ASSIGNMENT: For this exercise, write out the full listing that follows exactly and skip its pictures.
[GIVEN INFORMATION]
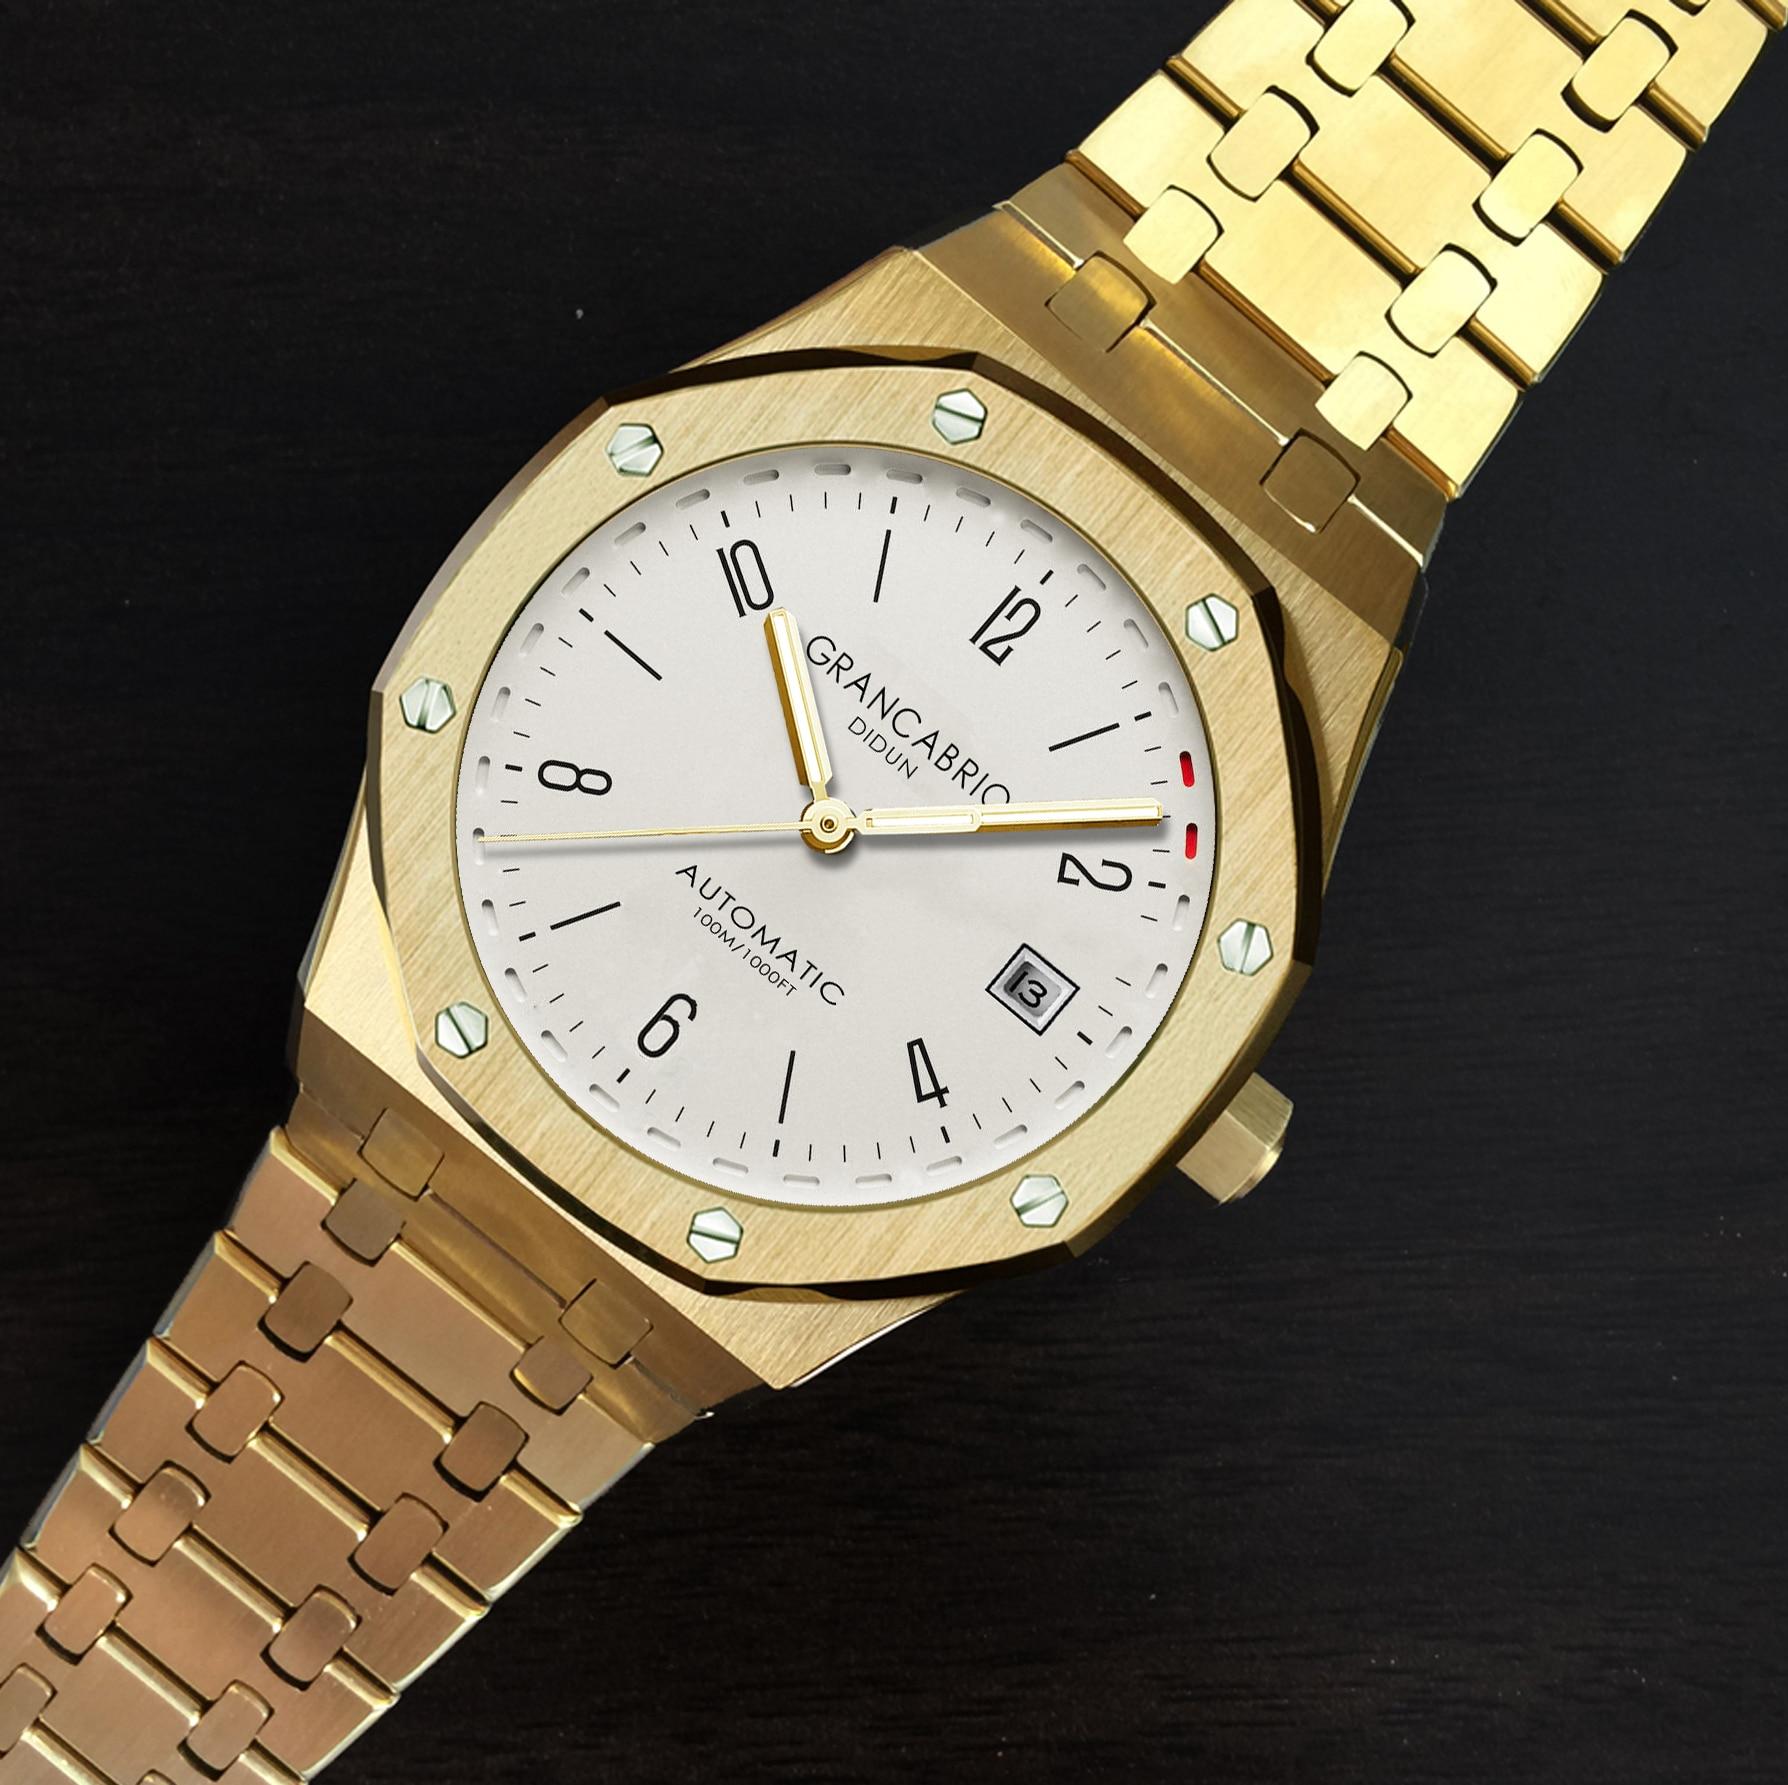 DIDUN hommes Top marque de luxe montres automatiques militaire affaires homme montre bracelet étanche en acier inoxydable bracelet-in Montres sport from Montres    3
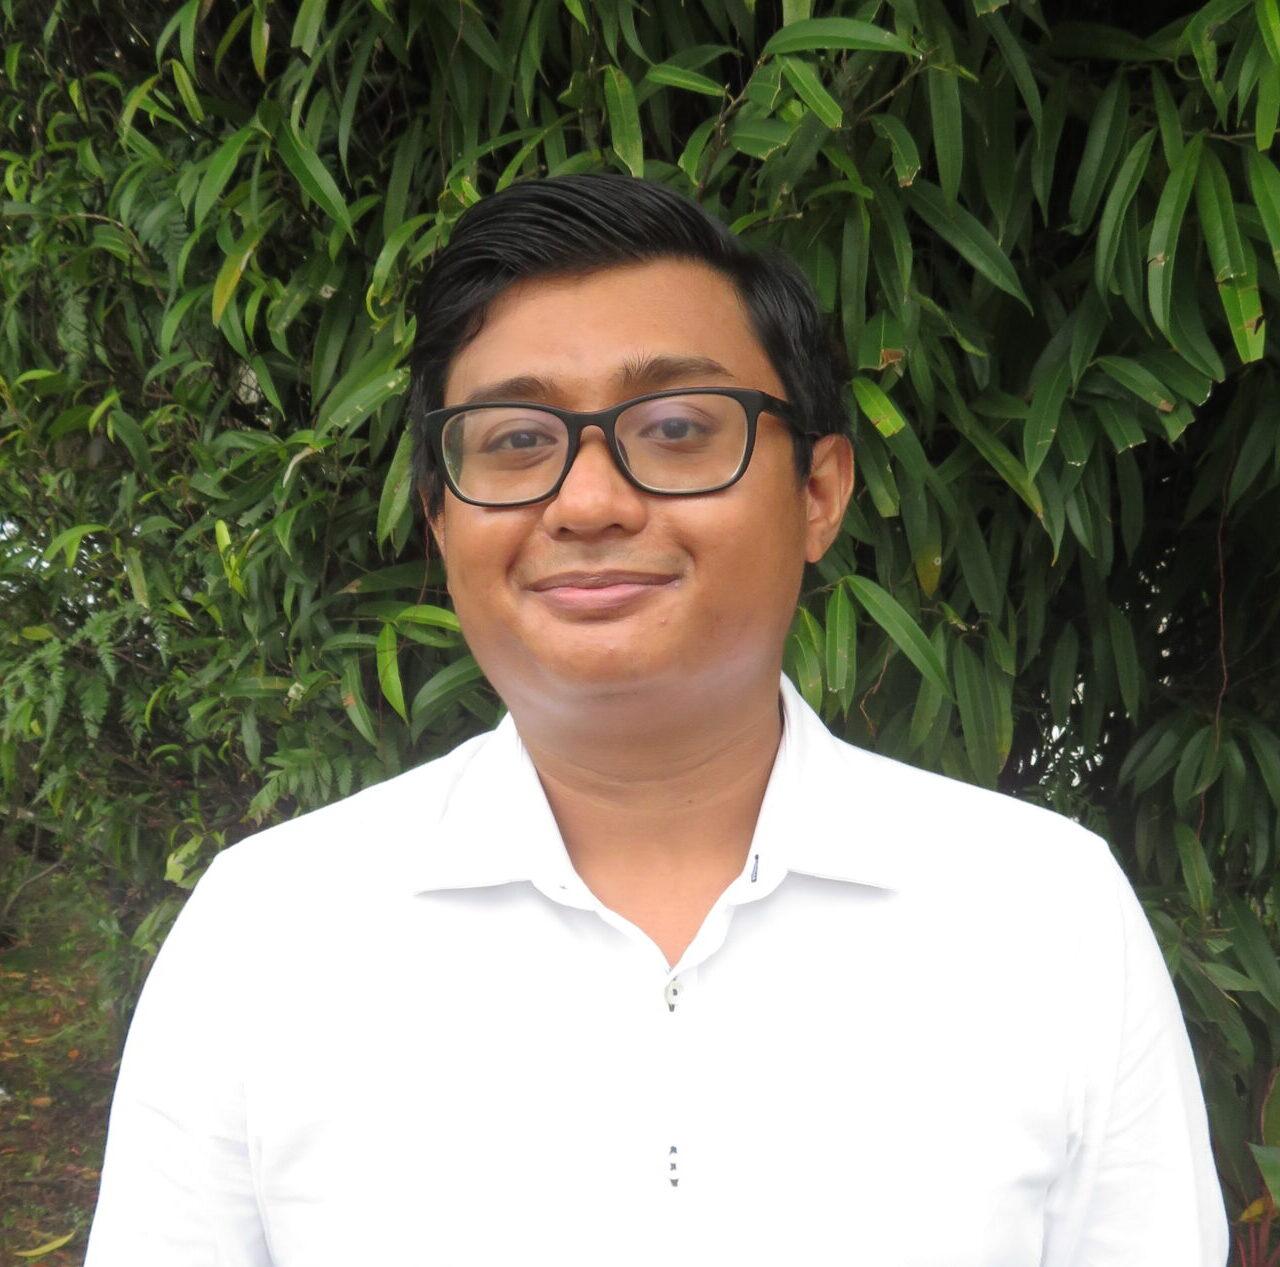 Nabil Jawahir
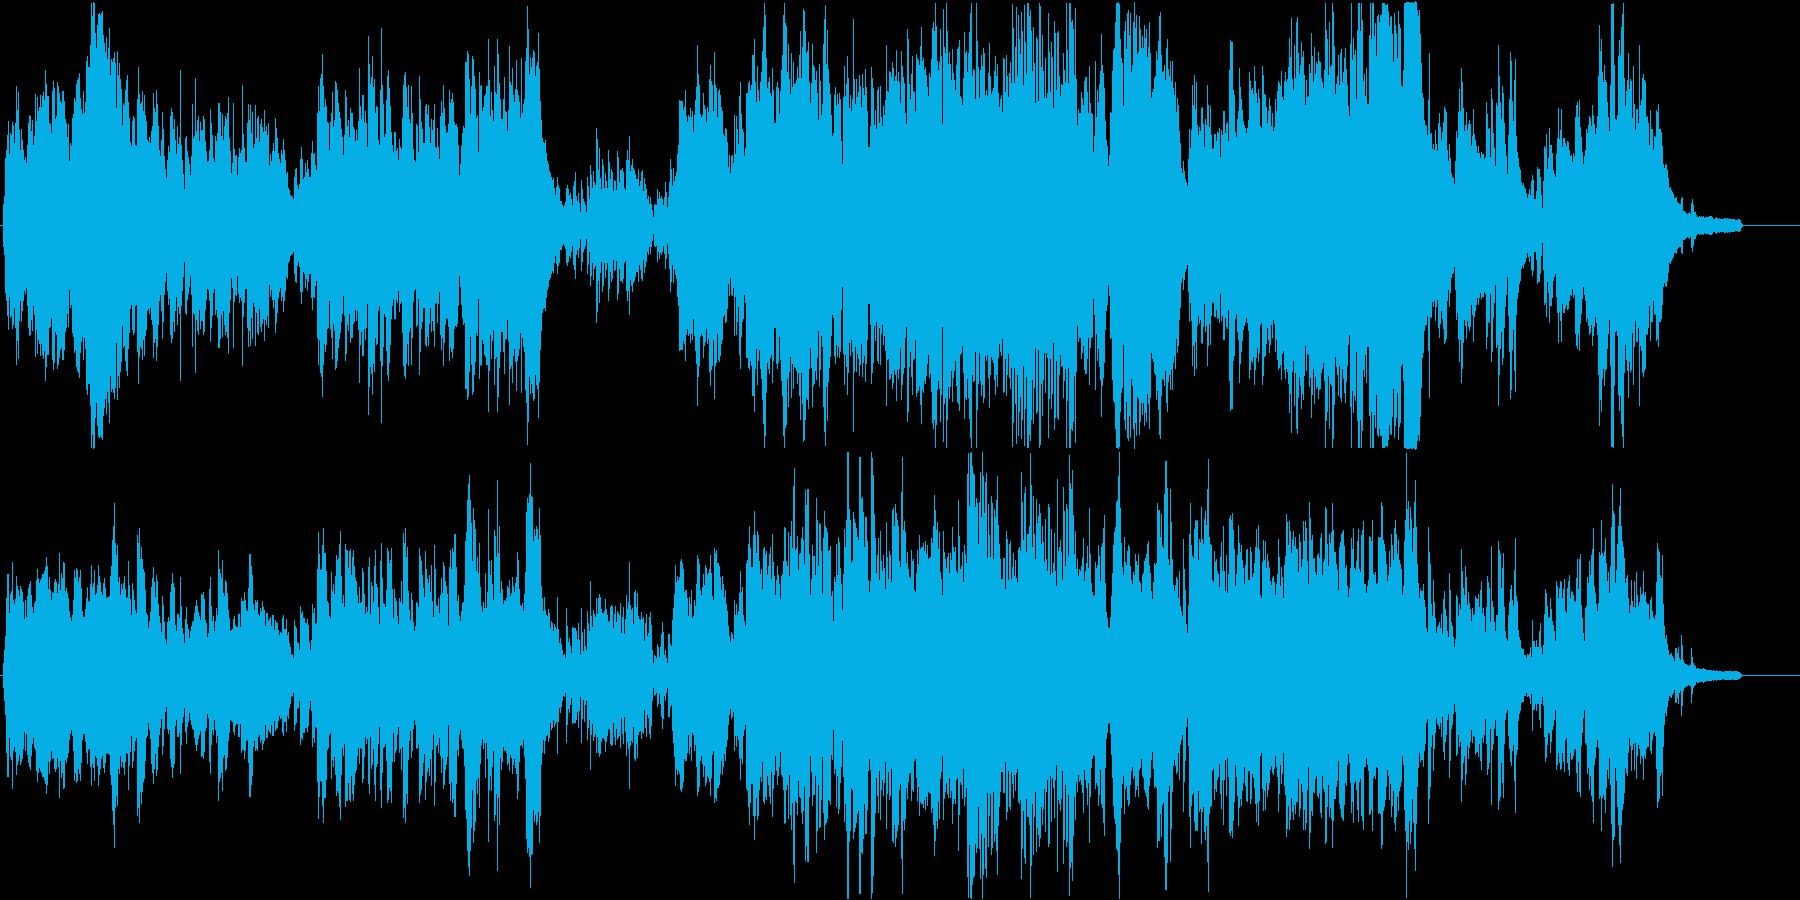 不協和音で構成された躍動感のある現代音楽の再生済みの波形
[/GIVEN INFORMATION]
WRITTEN RESPONSE:
 DIDUN hommes Top marque de luxe montres automatiques militaire affaires homme montre bracelet étanche en acier inoxydable bracelet-in Montres sport from Montres    3
 Nabil Jawahir
 不協和音で構成された躍動感のある現代音楽の再生済みの波形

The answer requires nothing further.